## [Problem statement]
Return the listing exactly. Keep no pictures.

## [Recorded data]
>>>

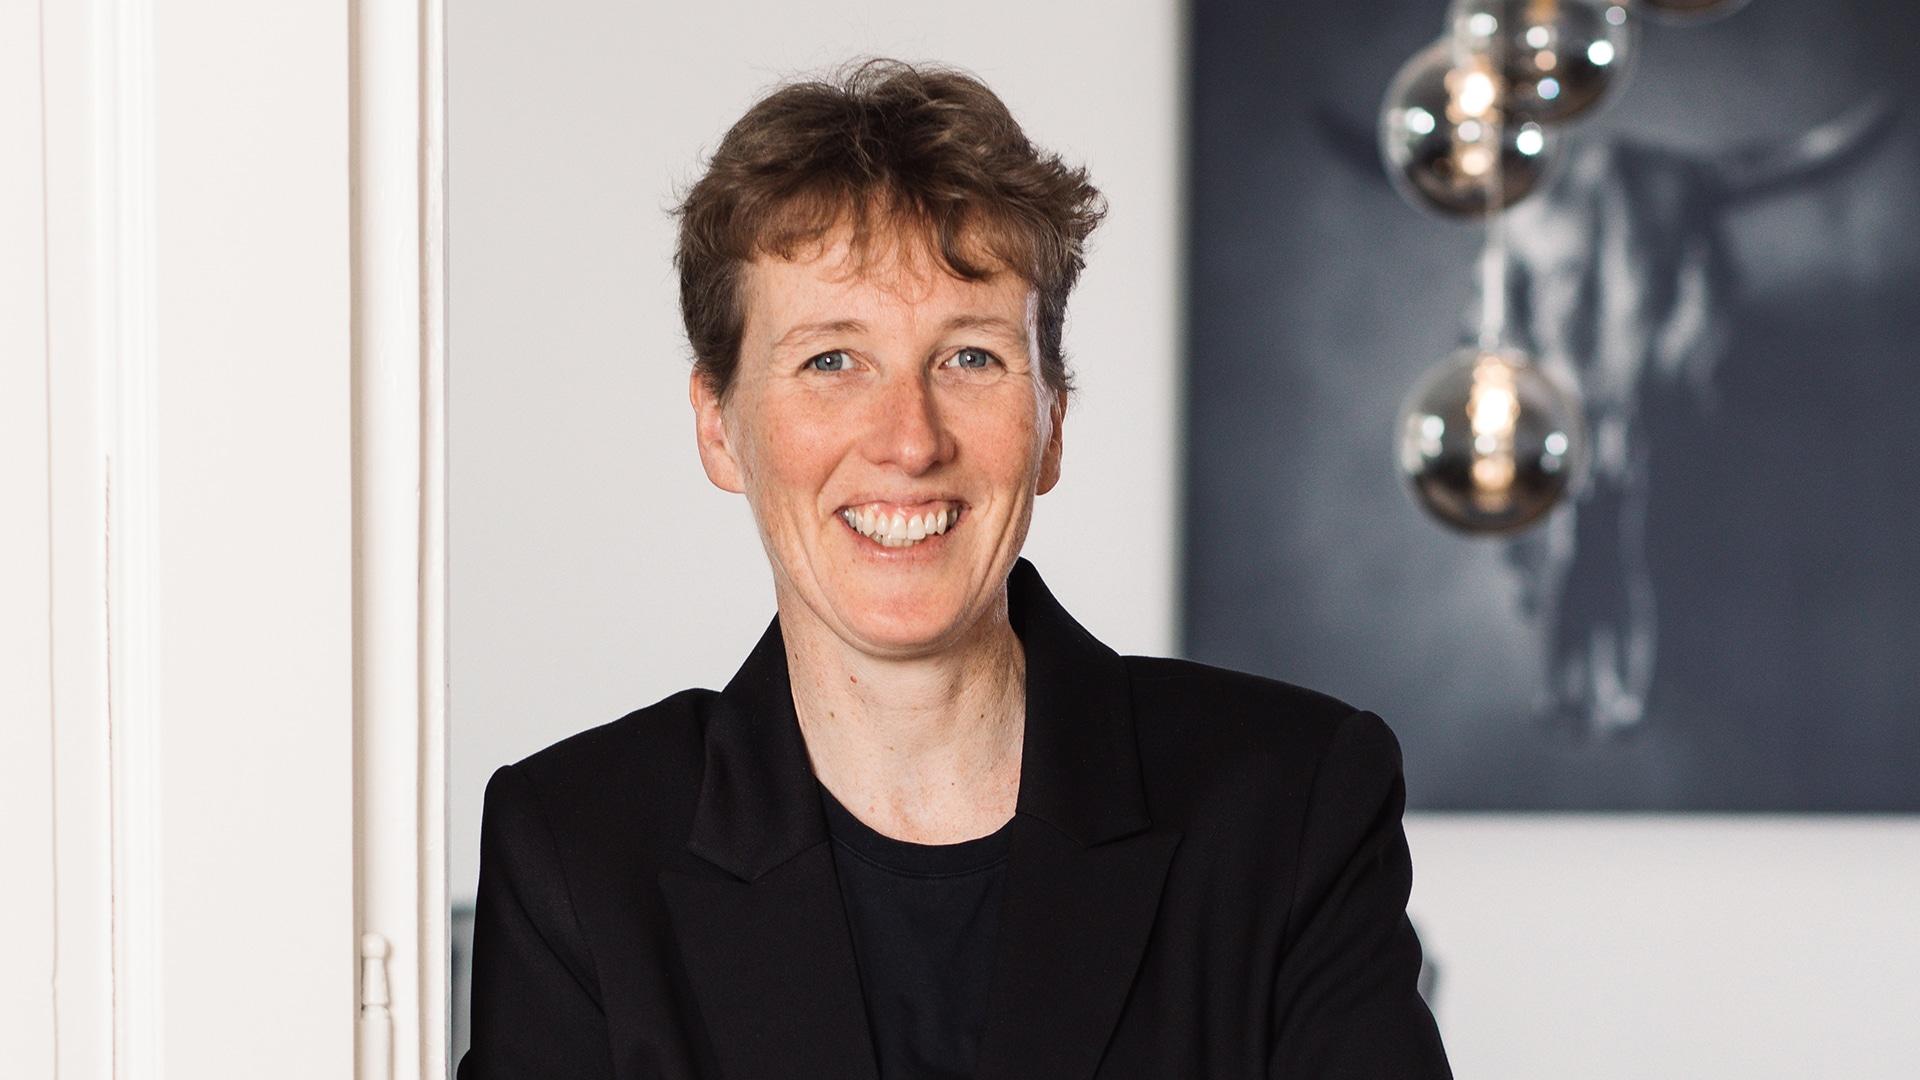 HELLO BEAUTY Marketing GmbH - Corine Pleunis de Vaal - Ich erstelle die Basis der Kampagnen und kann es nie erwarten die finalen Ergebnisse zu erfahren. Ich bin ein Teil davon und stolz darauf.
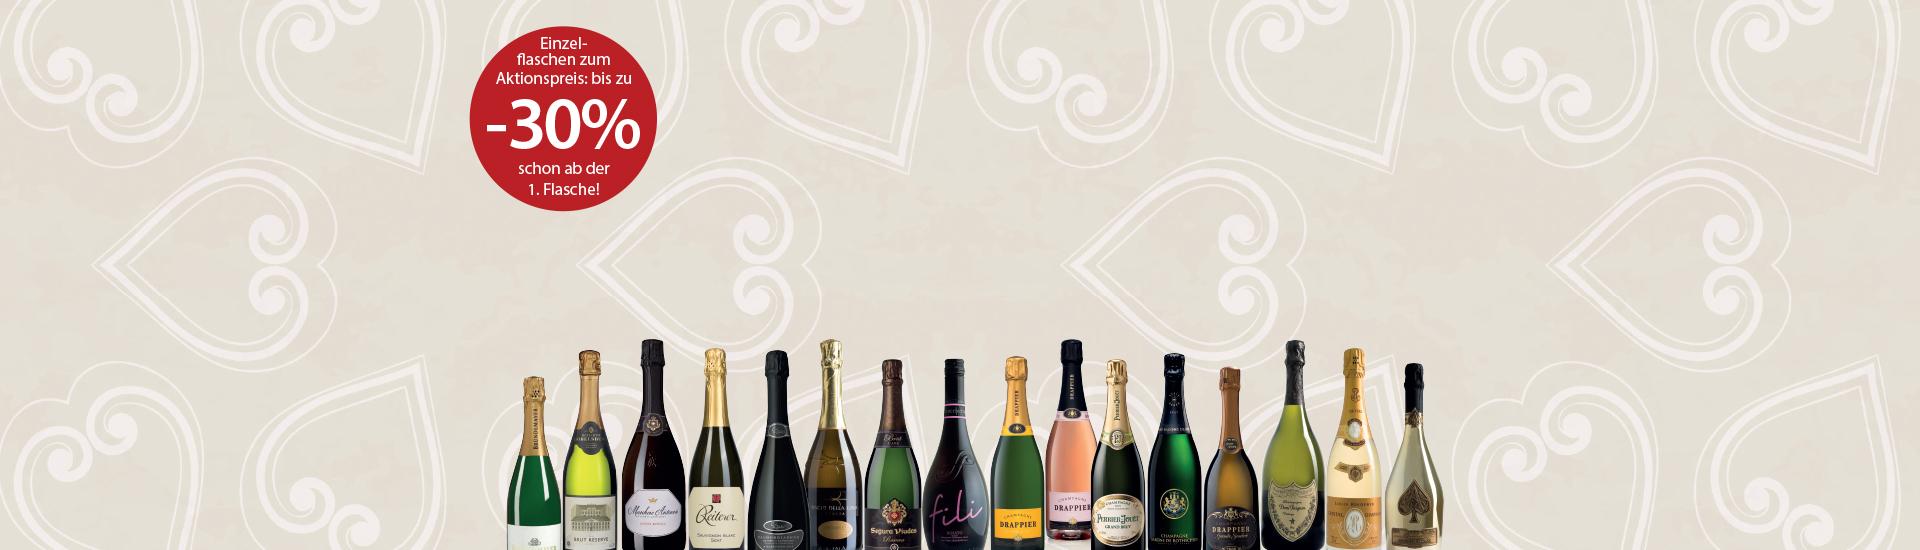 Weine - Schaumweine & Champagner für Feste & Feiern! 12/2016 - Slider
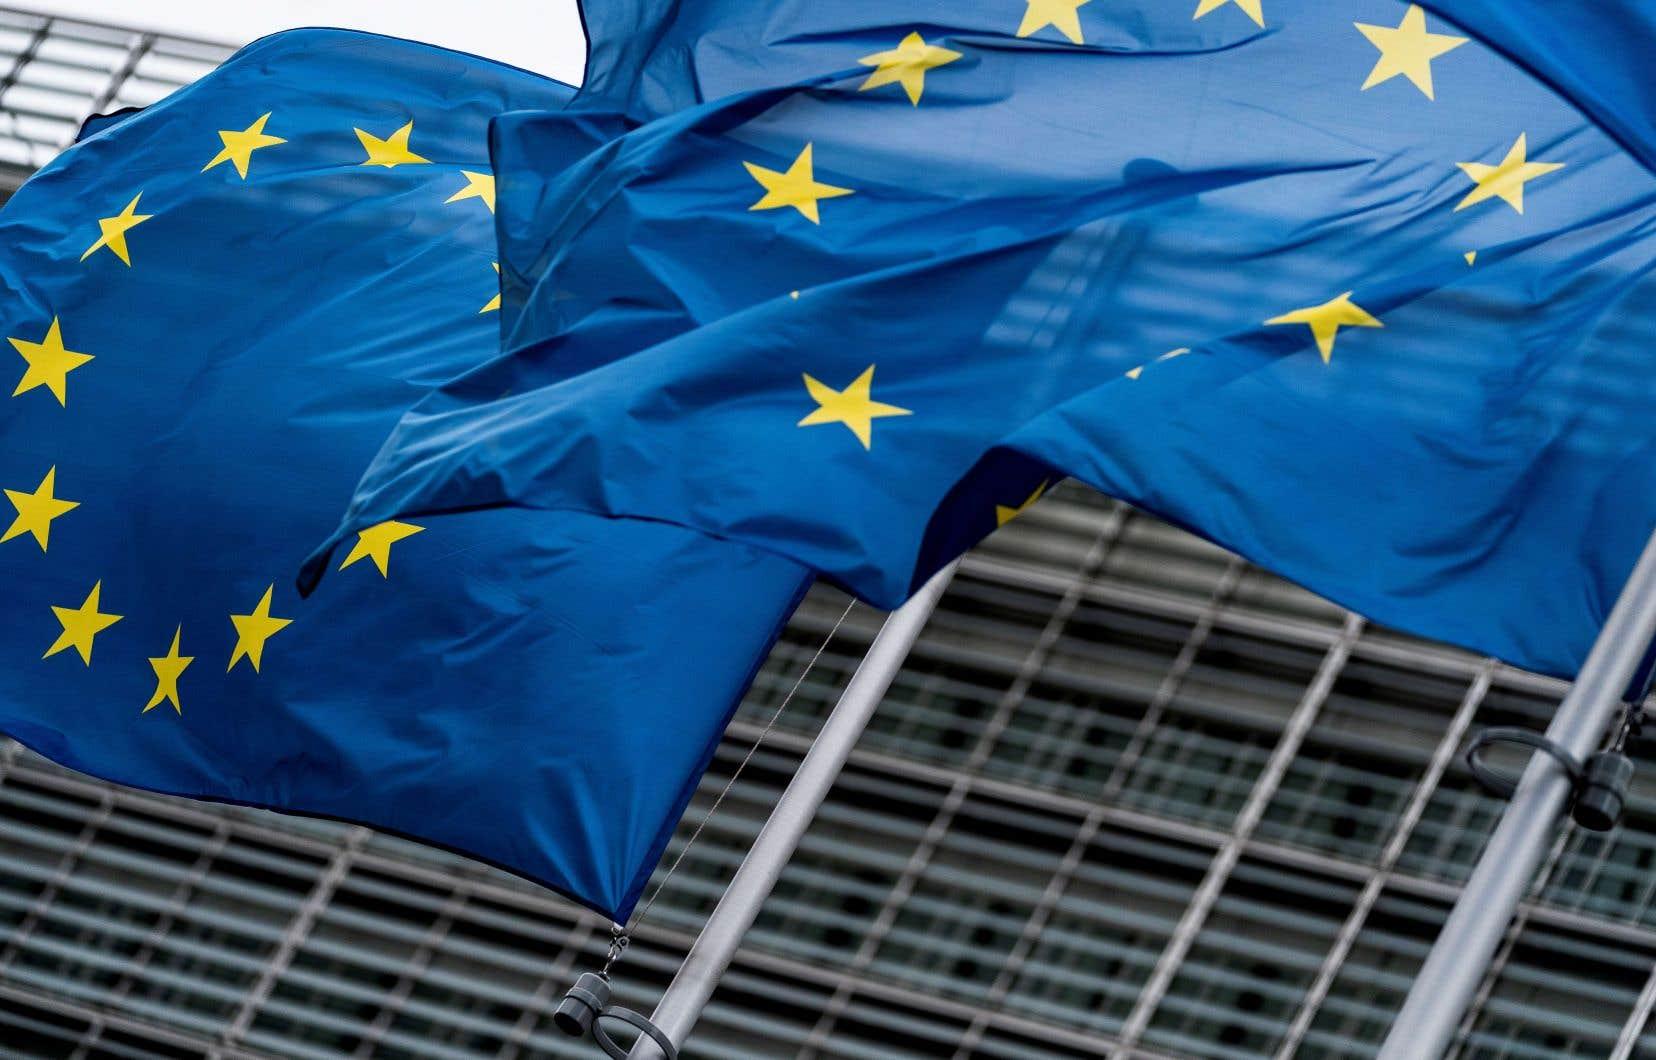 «Le but de la proposition (néerlandaise, NDLR) est de prendre des mesures si une entreprise, peu importe sa nationalité, perturbe ou menace de perturber la concurrence au sein du marché intérieur européen [...]. »
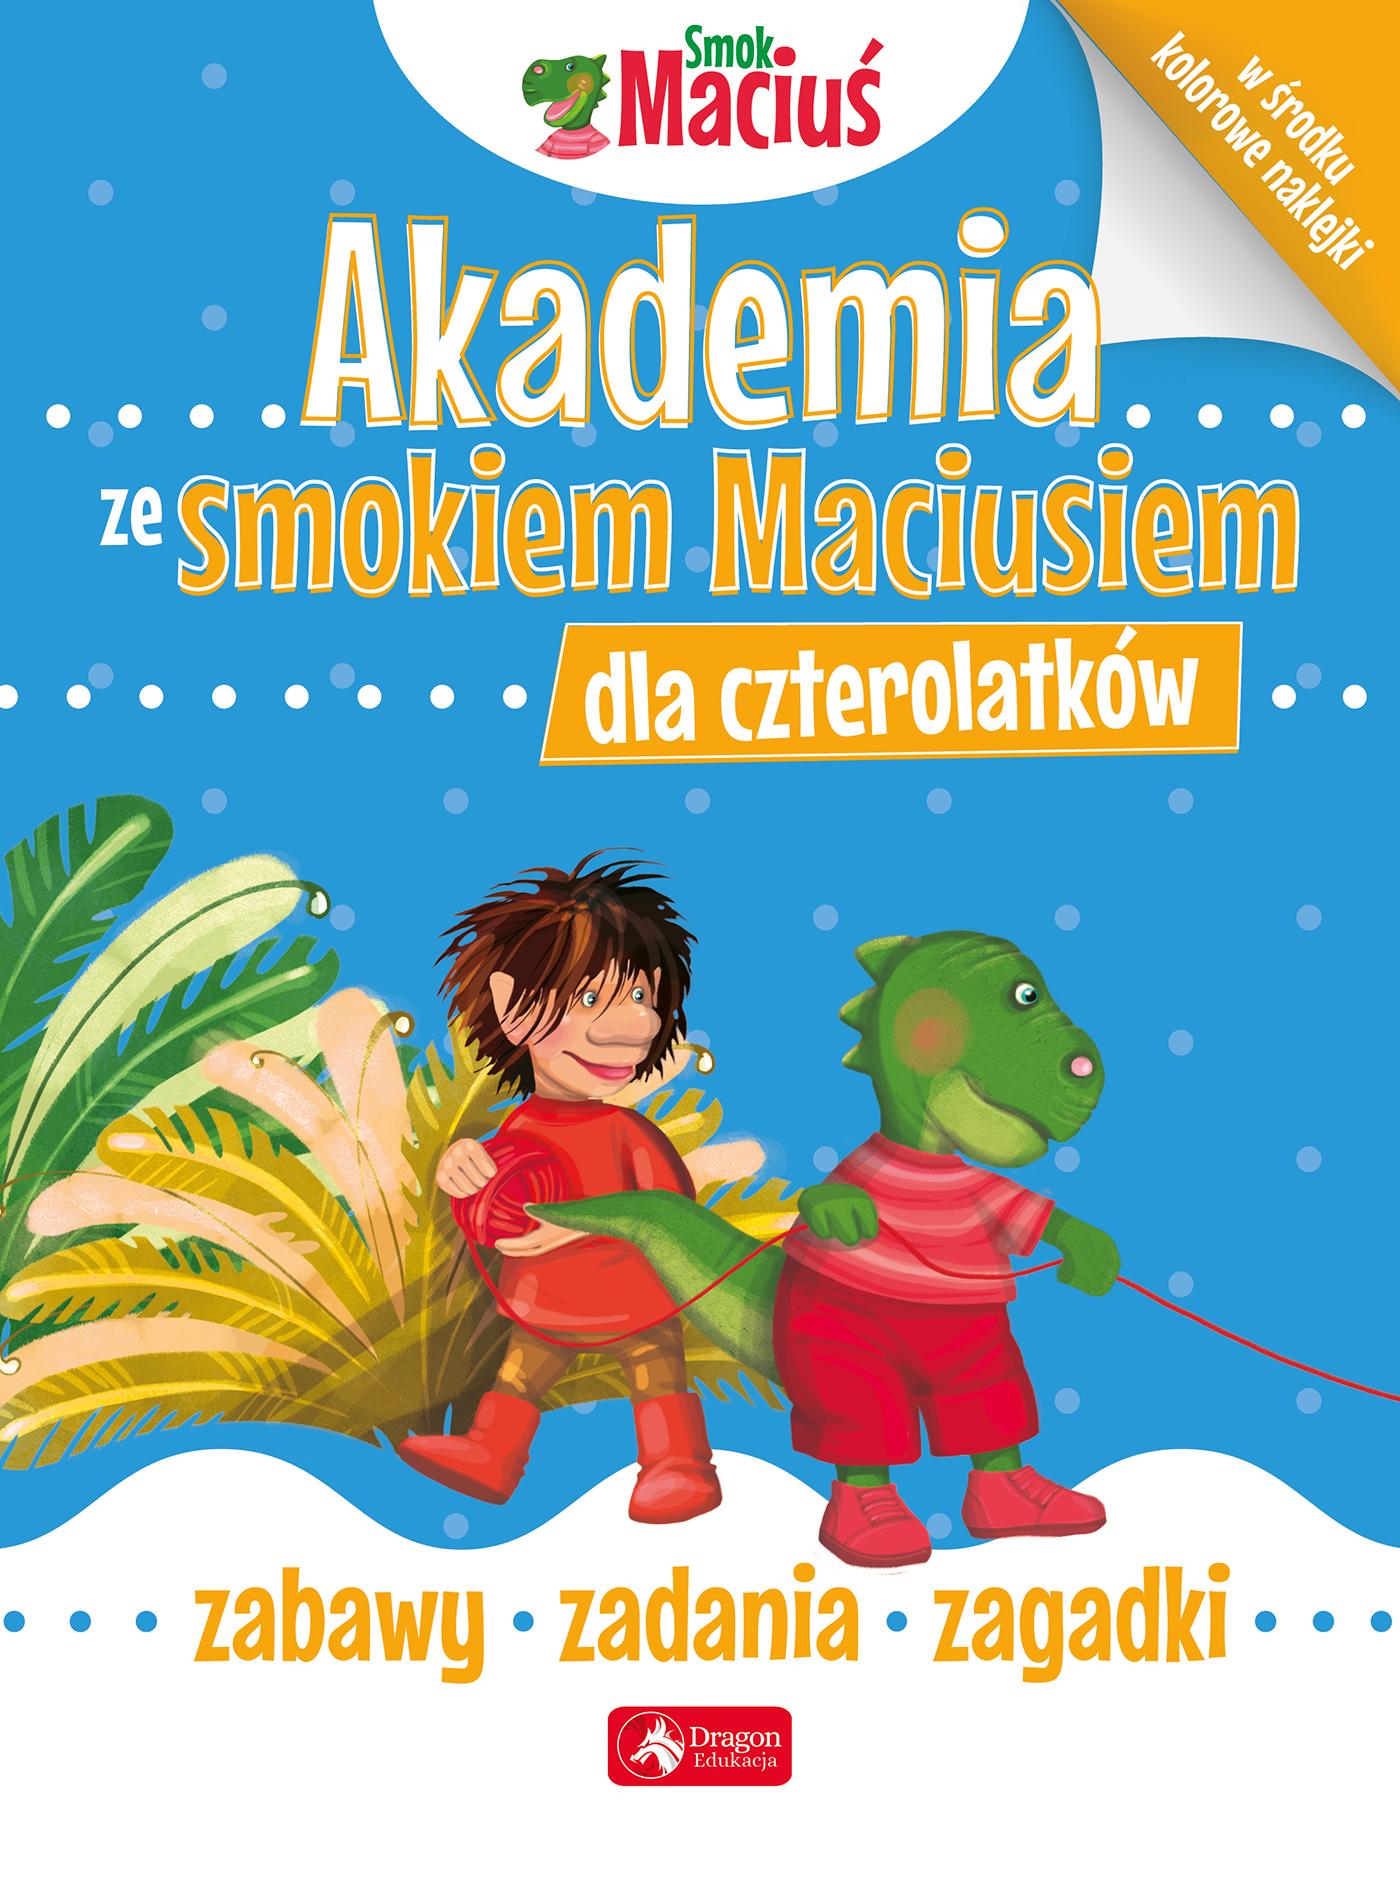 Akademia ze smokiem Maciusiem dla czterolatków

<<<

## [Reply]
 HELLO BEAUTY Marketing GmbH - Corine Pleunis de Vaal - Ich erstelle die Basis der Kampagnen und kann es nie erwarten die finalen Ergebnisse zu erfahren. Ich bin ein Teil davon und stolz darauf.
 Weine - Schaumweine & Champagner für Feste & Feiern! 12/2016 - Slider
 «Le but de la proposition (néerlandaise, NDLR) est de prendre des mesures si une entreprise, peu importe sa nationalité, perturbe ou menace de perturber la concurrence au sein du marché intérieur européen [...]. »
 Akademia ze smokiem Maciusiem dla czterolatków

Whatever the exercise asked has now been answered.